For more information on secure storage and retrieval of credentials in GX see Configure credentials.

Add a S3 Filesystem Data Source to your Data Context.

GX can leverage either pandas or Spark as the backend for your S3 Filesystem Data Source. To create your Data Source, execute one of the following sets of code:

pandas
Spark

Python
data_source = context.data_sources.add_pandas_s3(
    name=data_source_name, bucket=bucket_name, boto3_options=boto3_options
)

Python
data_source = context.data_sources.add_spark_s3(
    name=data_source_name, bucket=bucket_name, boto3_options=boto3_options
)

Choose from the following to see the full example code for a S3 Filesystem Data Source, using either pandas or Spark to read the data files:

pandas example
Spark example

Python
import great_expectations as gx

context = gx.get_context()

# Define the Data Source's parameters:
data_source_name = "my_filesystem_data_source"
bucket_name = "superconductive-docs-test"
boto3_options = {}

# Create the Data Source:
data_source = context.data_sources.add_pandas_s3(
    name=data_source_name, bucket=bucket_name, boto3_options=boto3_options
)

Python
import great_expectations as gx

context = gx.get_context()

# Define the Data Source's parameters:
data_source_name = "my_filesystem_data_source"
bucket_name = "superconductive-docs-test"
boto3_options = {}

# Create the Data Source:
data_source = context.data_sources.add_spark_s3(
    name=data_source_name, bucket=bucket_name, boto3_options=boto3_options
)

Prerequisites

Python version 3.8 to 3.11
An installation of GX Core with support for Azure Blob Storage dependencies
- Optional. To create a Spark Filesystem Data Source you will also need to install the Spark Python dependencies.
A preconfigured Data Context
Access to data files in Azure Blob Storage.

Procedure

Instructions
Sample code

Define the Data Source's parameters.

The following information is required when you create a Microsoft Azure Blob Storage Data Source:
- name: A descriptive name used to reference the Data Source.
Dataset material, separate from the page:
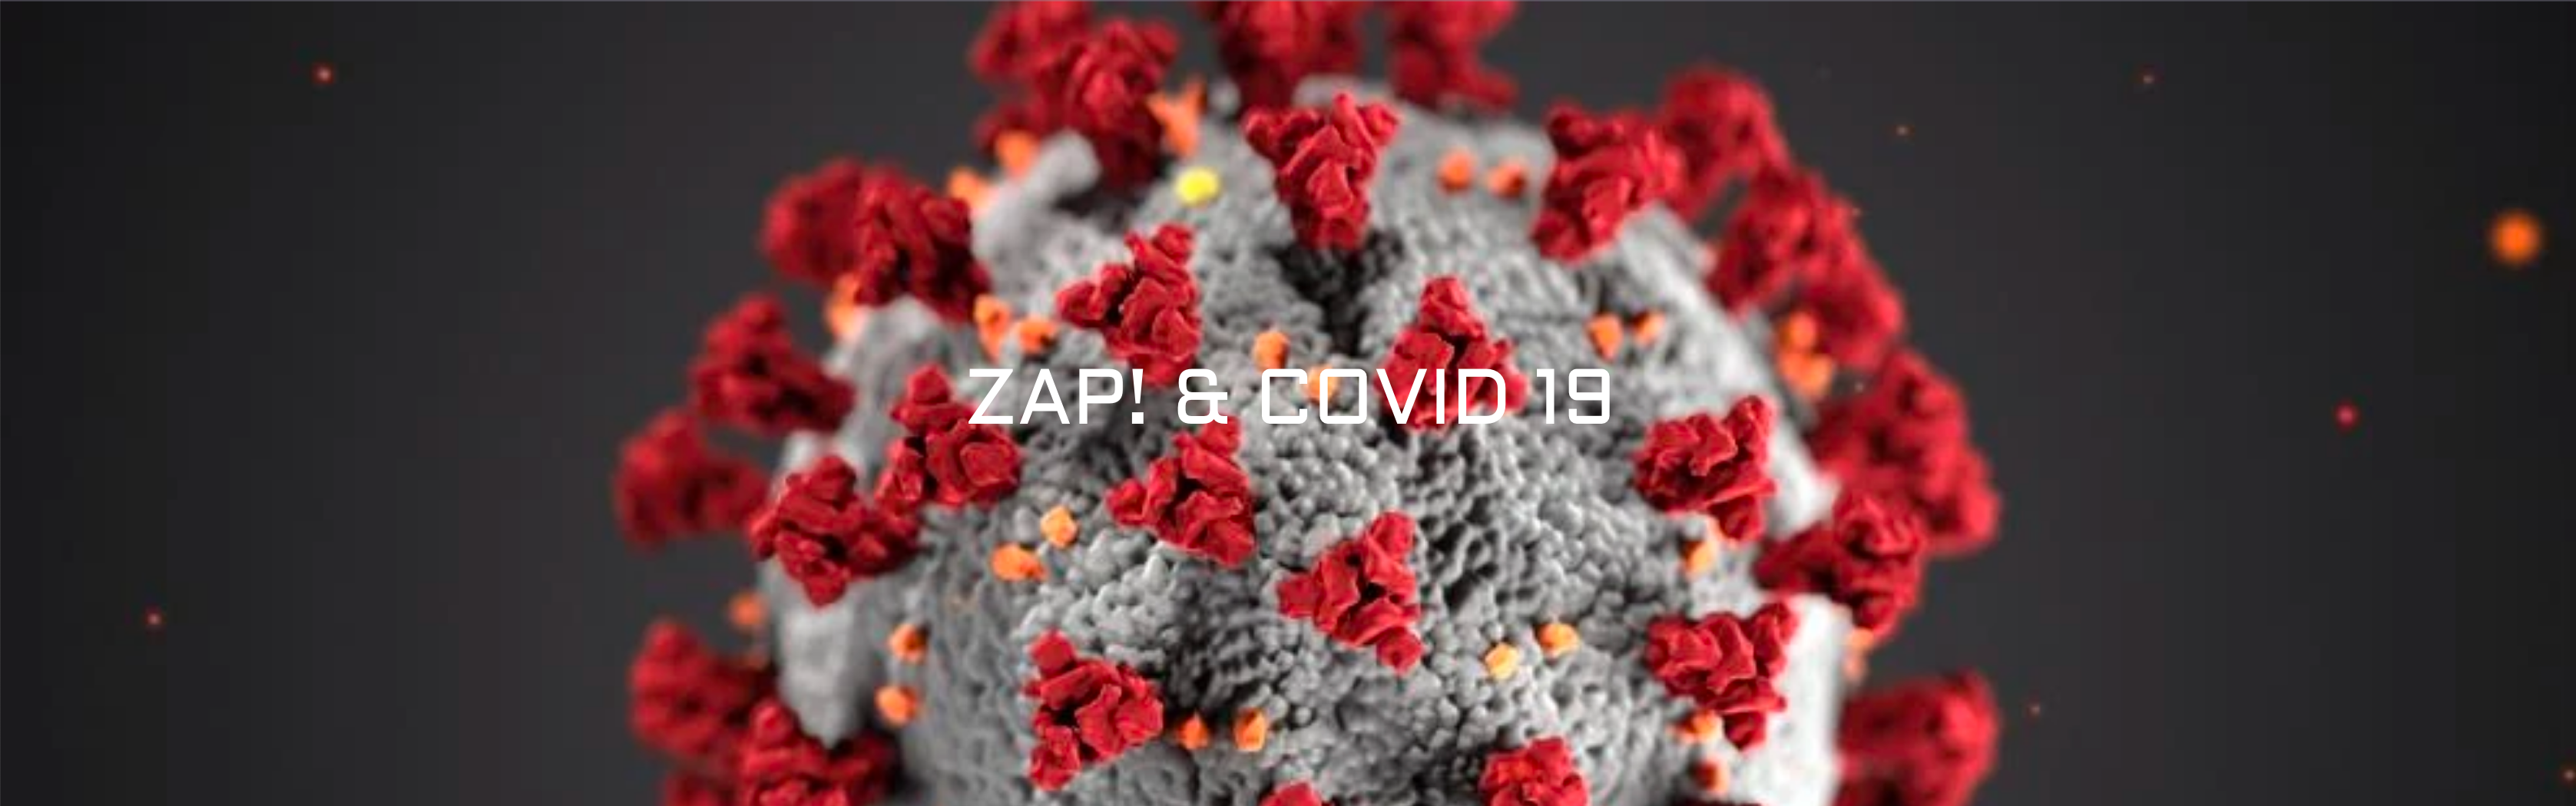 covid-19-Coronavirus-Zap-Aisu

This should be unique within the Data Context.
- azure_options: Authentication settings.
The azure_options parameter accepts a dictionary which should include two keys: credential and either account_url or conn_str.
- credential: An Azure Blob Storage token
- account_url: The url of your Azure Blob Storage account. If you provide this then conn_str should be left out of the dictionary.
- conn_str: The connection string for your Azure Blob Storage account. If you provide this then account_url should not be included in the dictionary.
To keep your credentials secure you can define them as environment variables or entries in config_variables.yml. For more information on secure storage and retrieval of credentials in GX see Configure credentials.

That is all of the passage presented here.